Harris, who is Minister for Finance, told the meeting that he wanted to deliver the project over two budgets, with officials now tasked to examine how other countries such as Sweden and Canada have brought in such a model.
The aim, he said, was to allow people from all backgrounds to invest their savings, telling his party that people who had saved for their family’s futures should not be penalised for doing so.
At the parliamentary party meeting last week he said that Central Bank governor Gabriel Makhlouf had written to him after his appointment as Minister for Finance encouraging the Government to take steps to enable greater participation by households in financial markets.
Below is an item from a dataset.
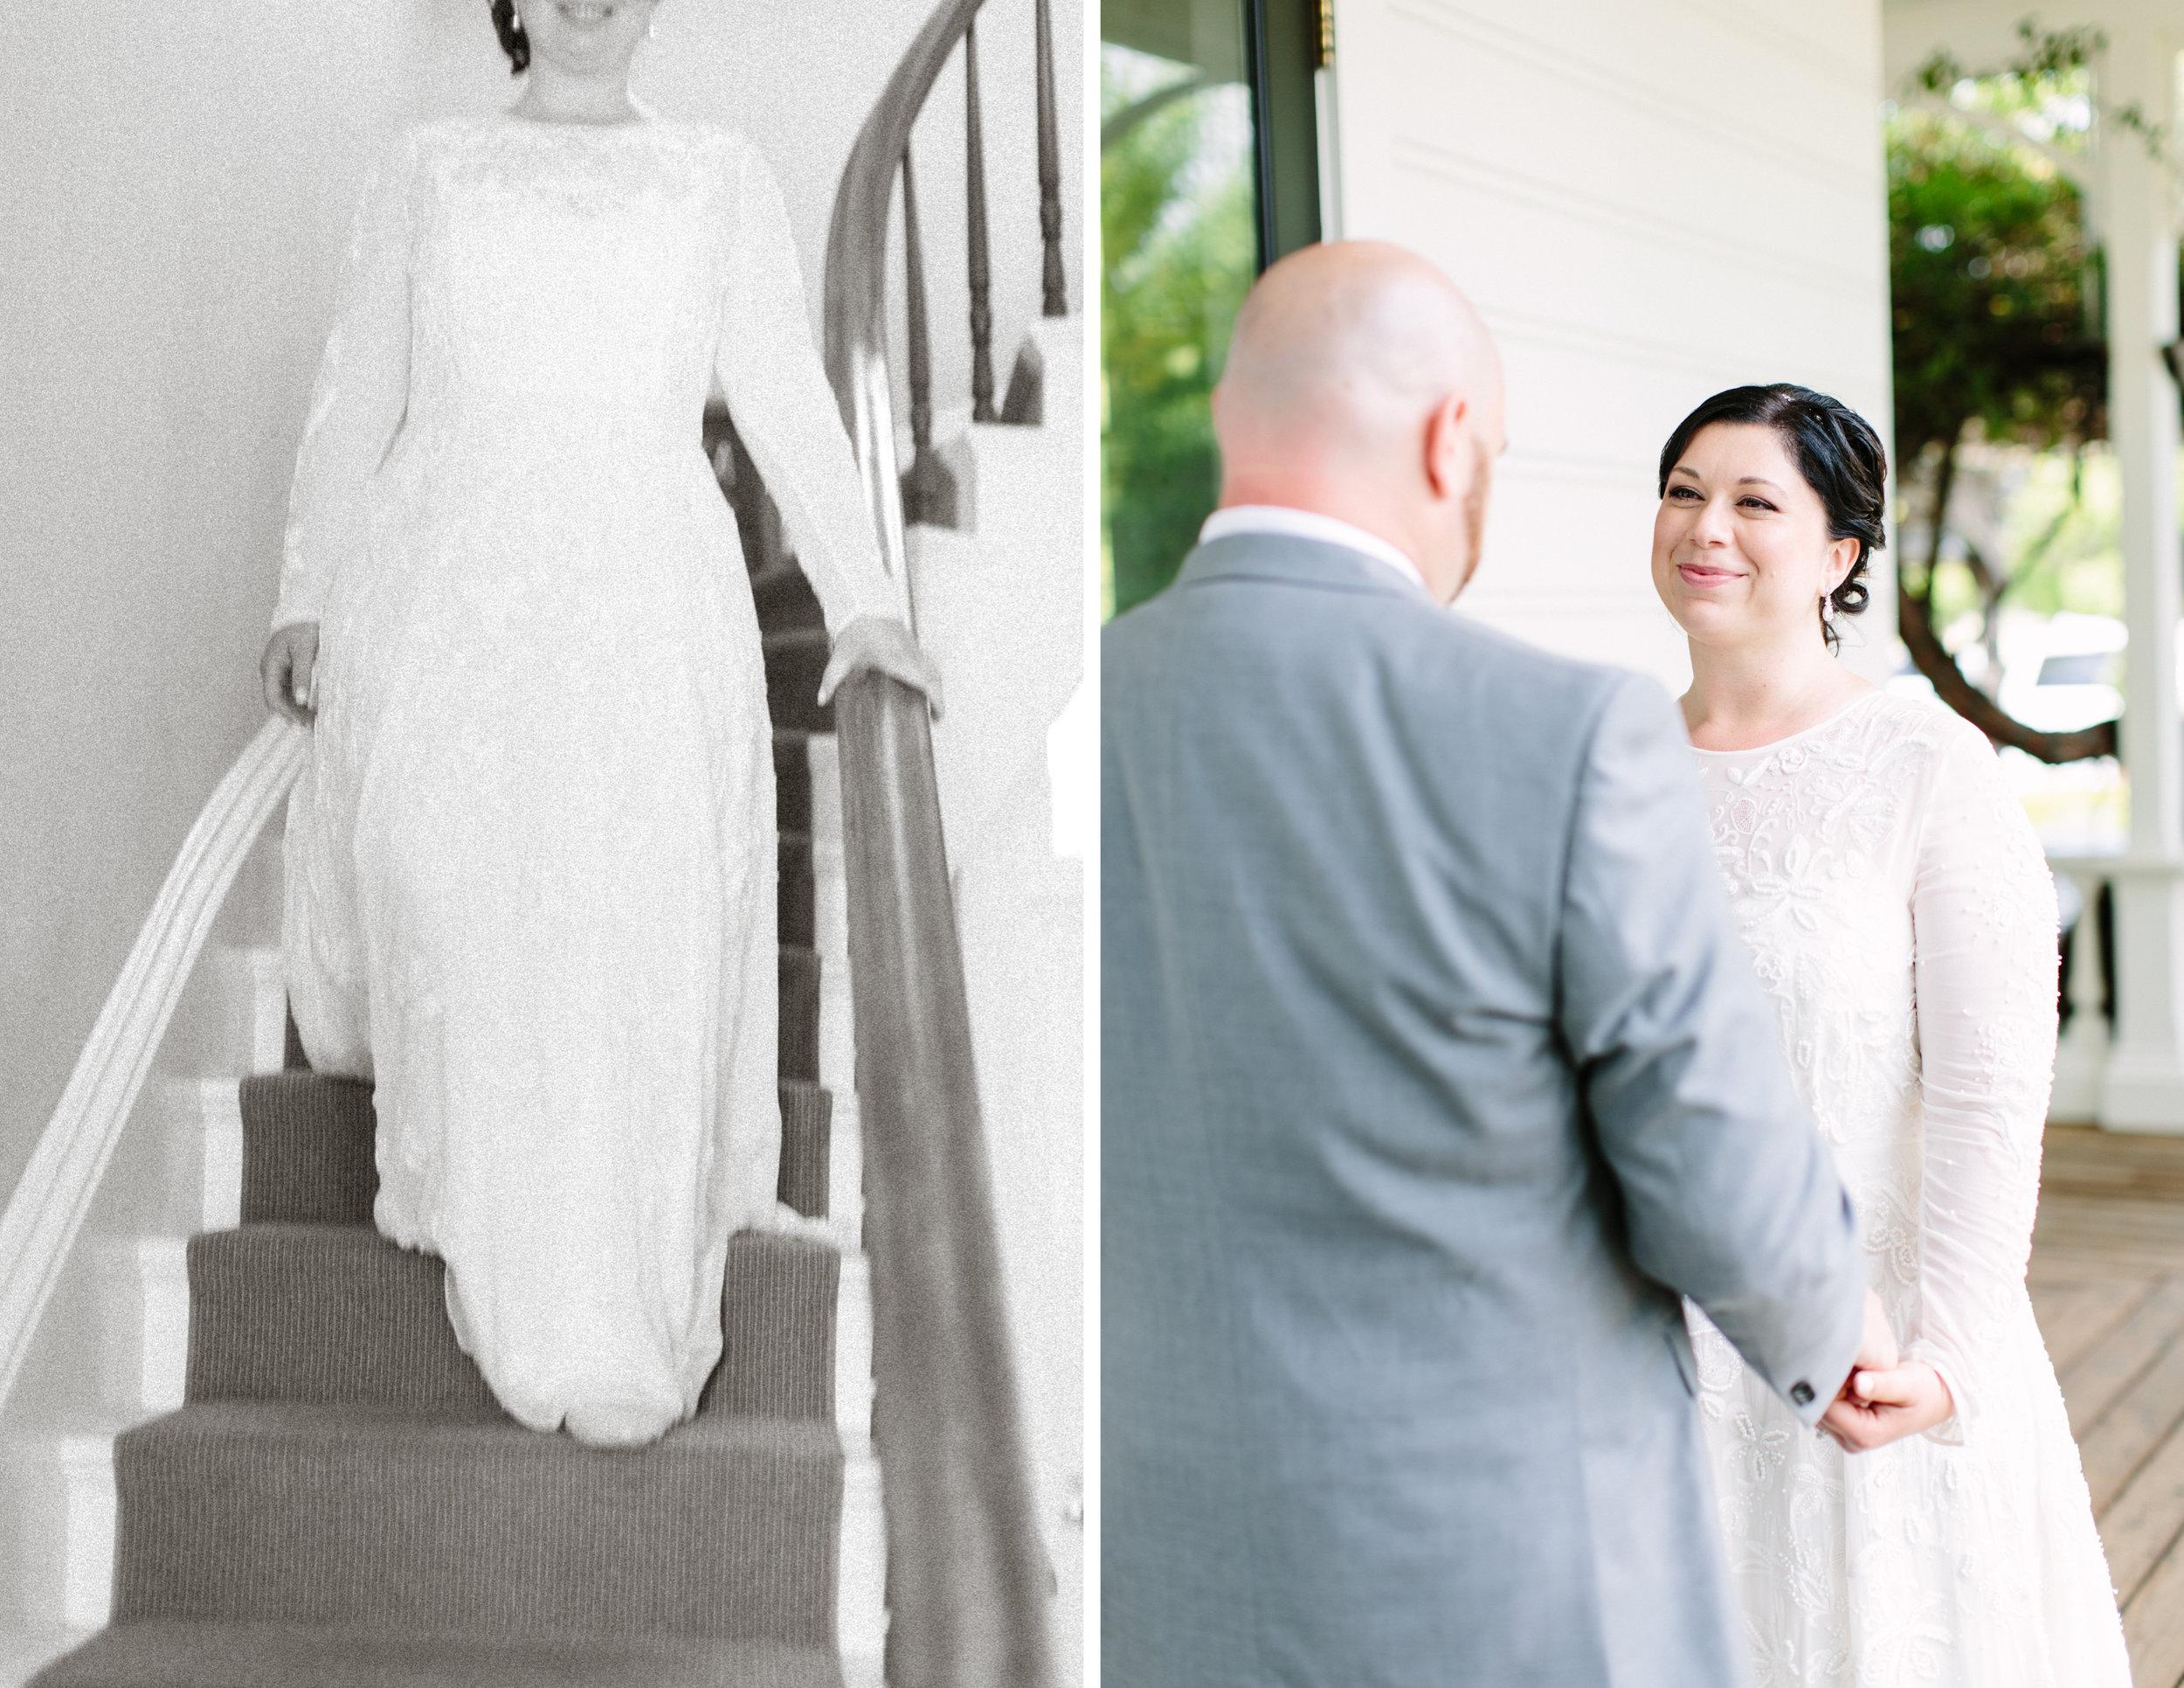 generals daughter sonoma wedding 4.jpg
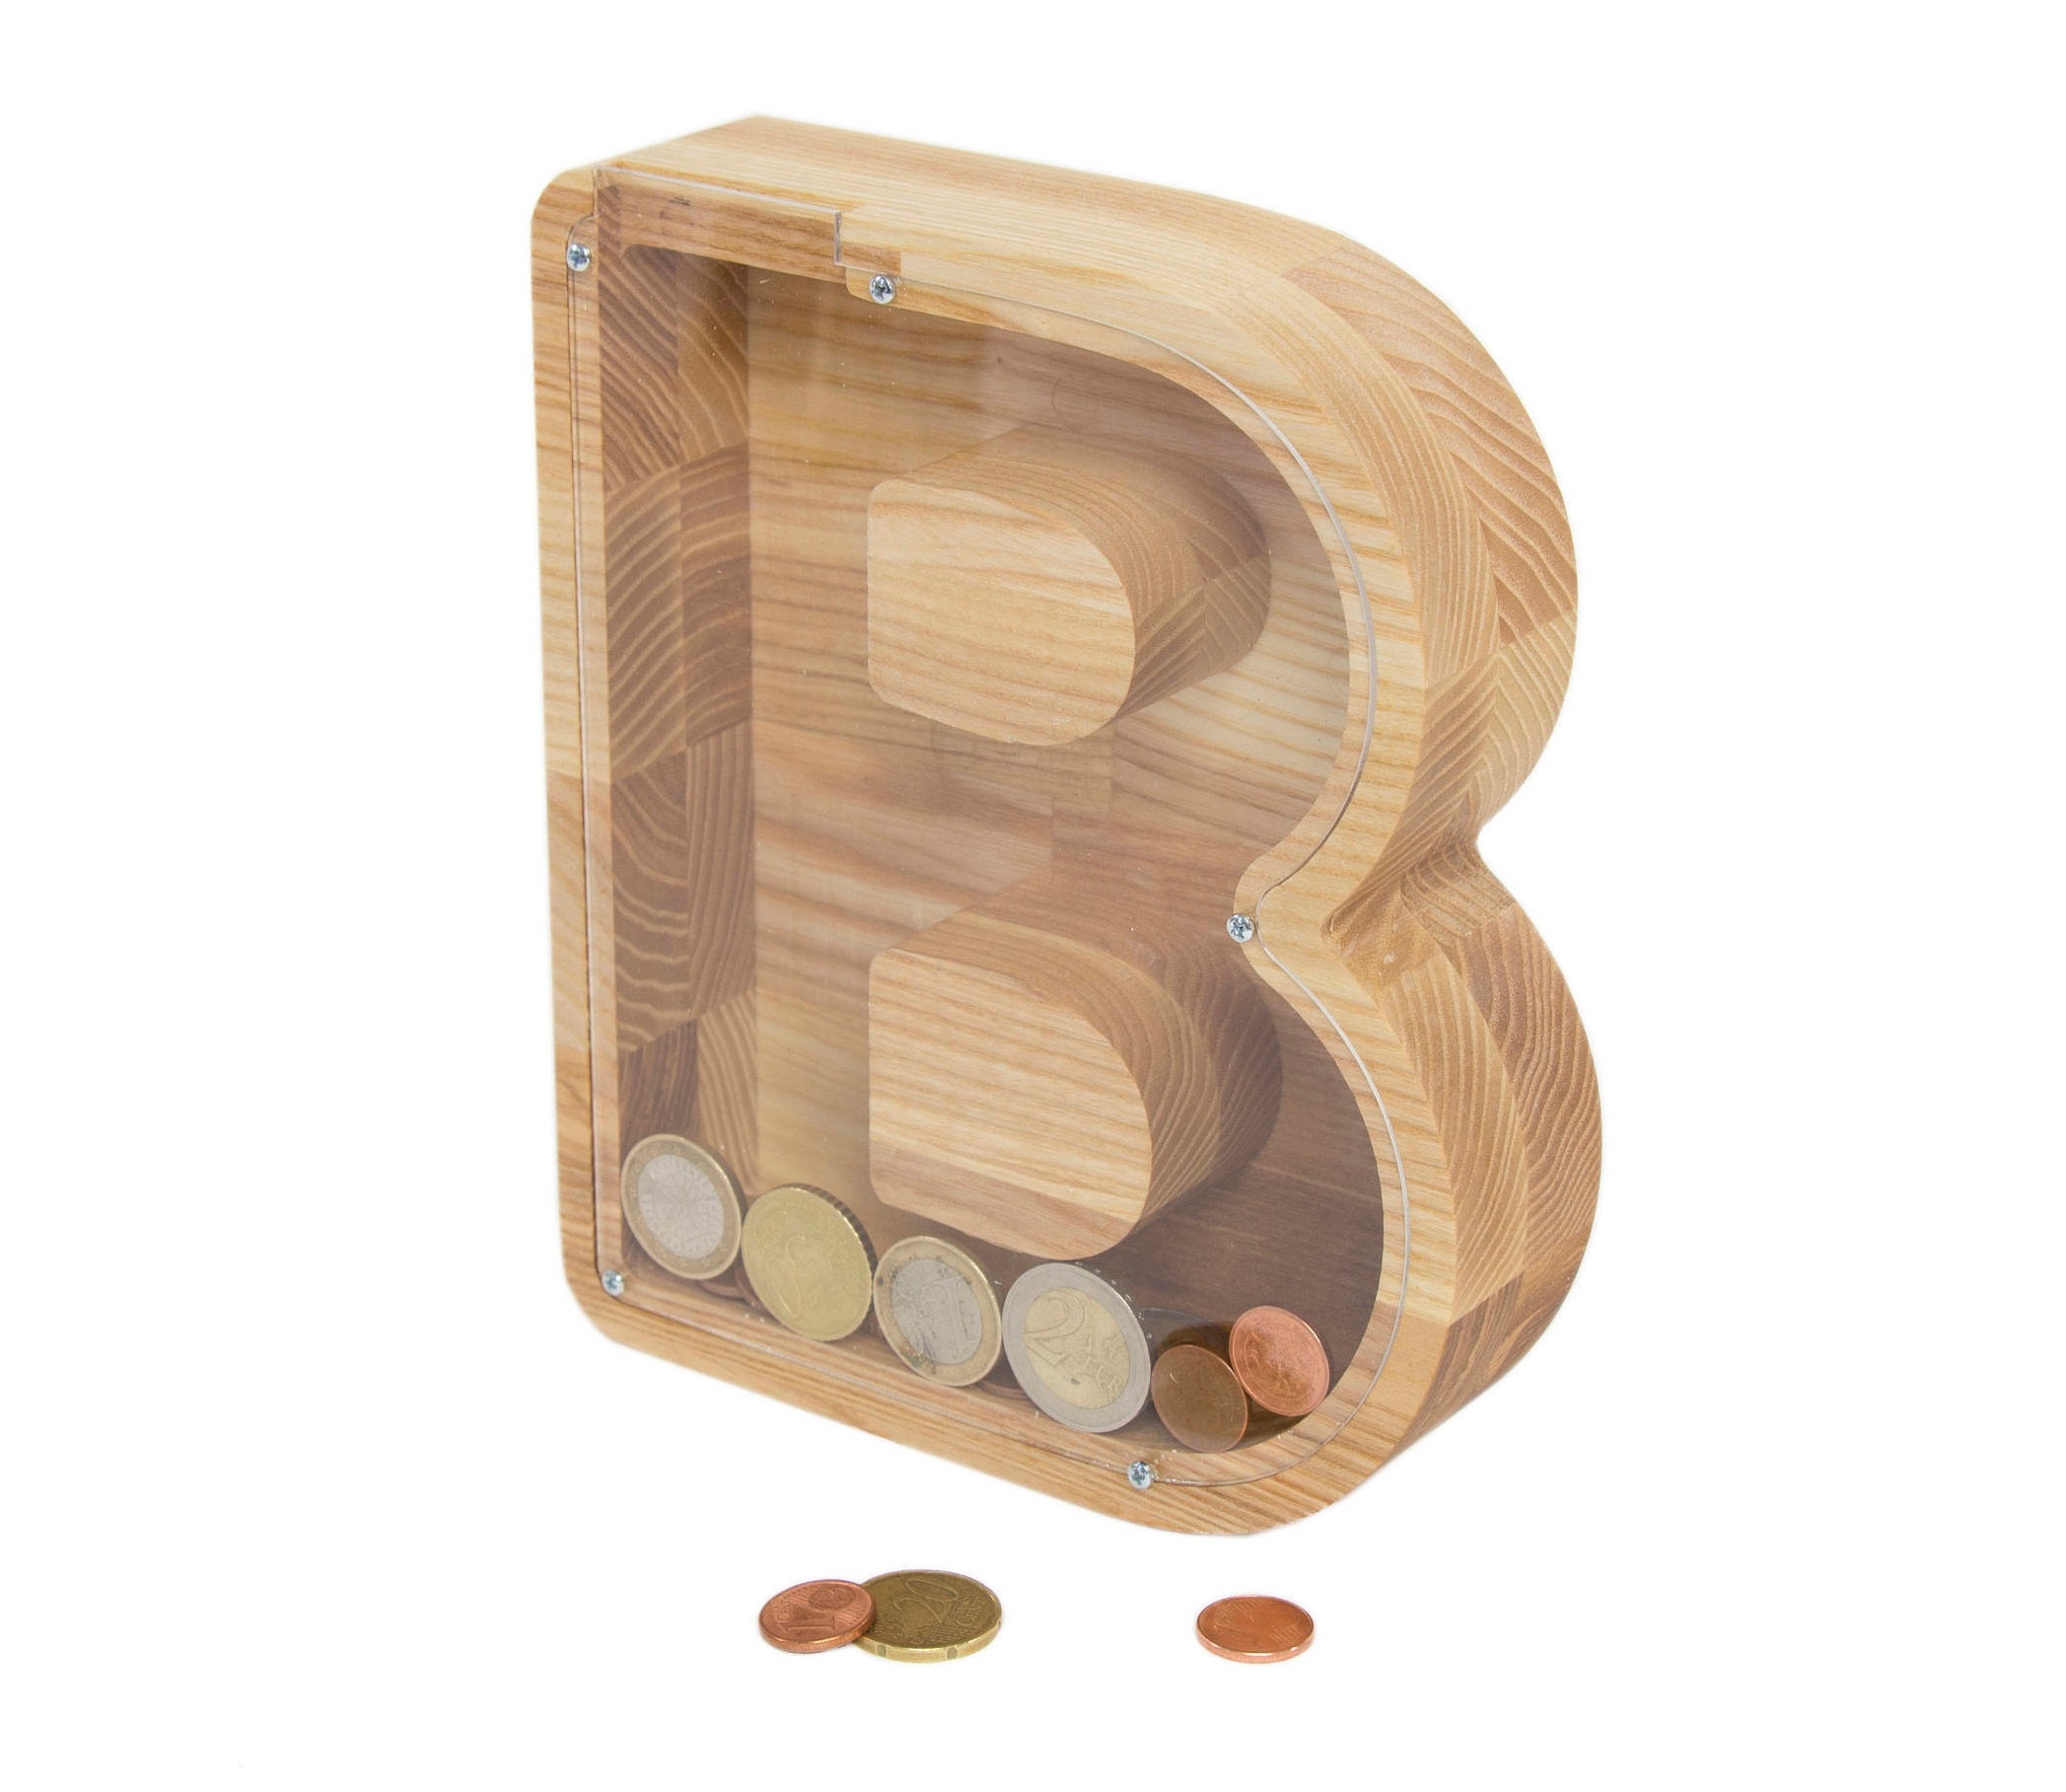 b brief geld box kind spardose spardose aus holz holz. Black Bedroom Furniture Sets. Home Design Ideas

Government sources have previously downplayed any suggestion the initiative under consideration was similar to a special savings incentive account (SSIA) scheme similar to that put in place 25 years ago by former Fianna Fáil minister for finance Charlie McCreevy. Under that scheme, participants received a 25 per cent government top-up on their investment.
Harris told RTÉ’s This Week programme on Sunday that the area was complex and would have to look at tax issues and the amount that participants could put into an account, potentially tax-free.
[ Harris sketches out incentivised savings scheme to help ‘middle classes’Opens in new window ]
He indicated that it could also look at “the idea that you might actually be able to have a lower rate tax or how to deal with issues like deemed disposal as it’s called. There’s a whole variety of issues here.”
Deemed disposal is a 38 per cent “exit tax” that applies to investments in Irish-domiciled investment funds and life assurance products, as well as equivalent offshore funds and certain foreign life assurance products.
Harris said: “The only people who can actually make a bit of money on their investments are the uber wealthy. Now, I want the middle classes to have an opportunity here … This is about making their money work for them.”